Midnight launched on mainnet in late 2025 as a partner channel – think of it as a specialized lane along Cardano’s main highway, built for a specific type of traffic. Its main mechanism is zero-knowledge proofs (zk-SNARK), a cryptographic technique that allows a party to prove something is true without revealing the underlying data. Applied to the financial sector, this means that a bank can prove that a transaction is compliant without exposing the details of the transaction to the public ledger.

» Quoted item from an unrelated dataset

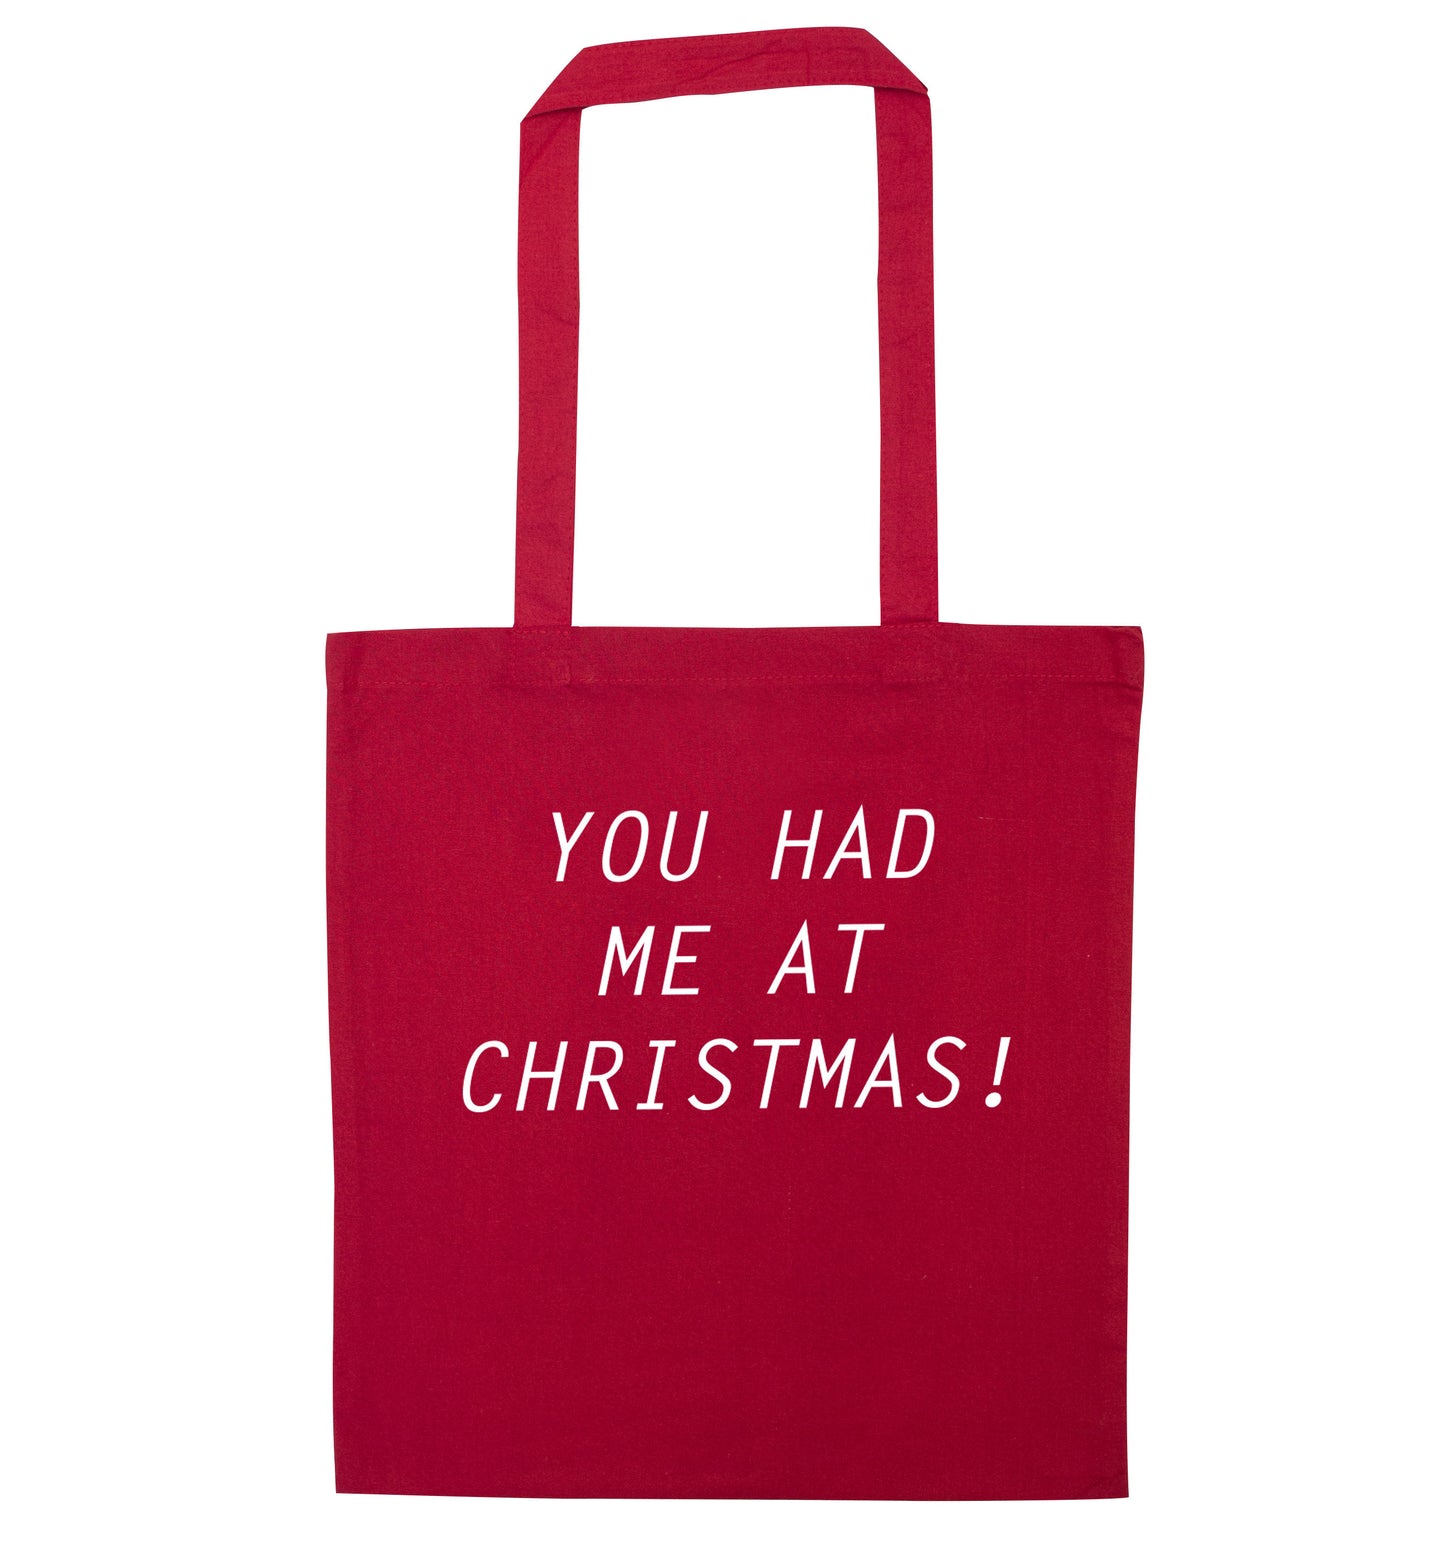 You had me at Christmas red tote bag

This is architecturally different from privacy coins like Monero or Zcash, which hide everything by default. Midnight uses what its developers call “rational privacy”: users selectively disclose data to auditors, regulators, or counterparties as needed, while keeping it safe from everyone else. For a bank, this distinction is essential. Regulators need to see the data. This is not the case for competitors.
The protocol uses a dual token system: Knight for public governance, Dust for private transaction fees. Smart contracts are written in Compact, a TypeScript-compatible language designed to reduce development barriers for enterprise teams.
Nine major financial and technology companies already operate Midnight nodes, including Worldpay – which is exploring USDG stablecoin merchant payments – and Bullish, which is building proof-of-reserves ZK layers on top of infrastructure. This is not a theoretical ecosystem. It’s a working system. Those interested in the broader institutional dynamics of Cardano will recognize that this is part of a larger pattern.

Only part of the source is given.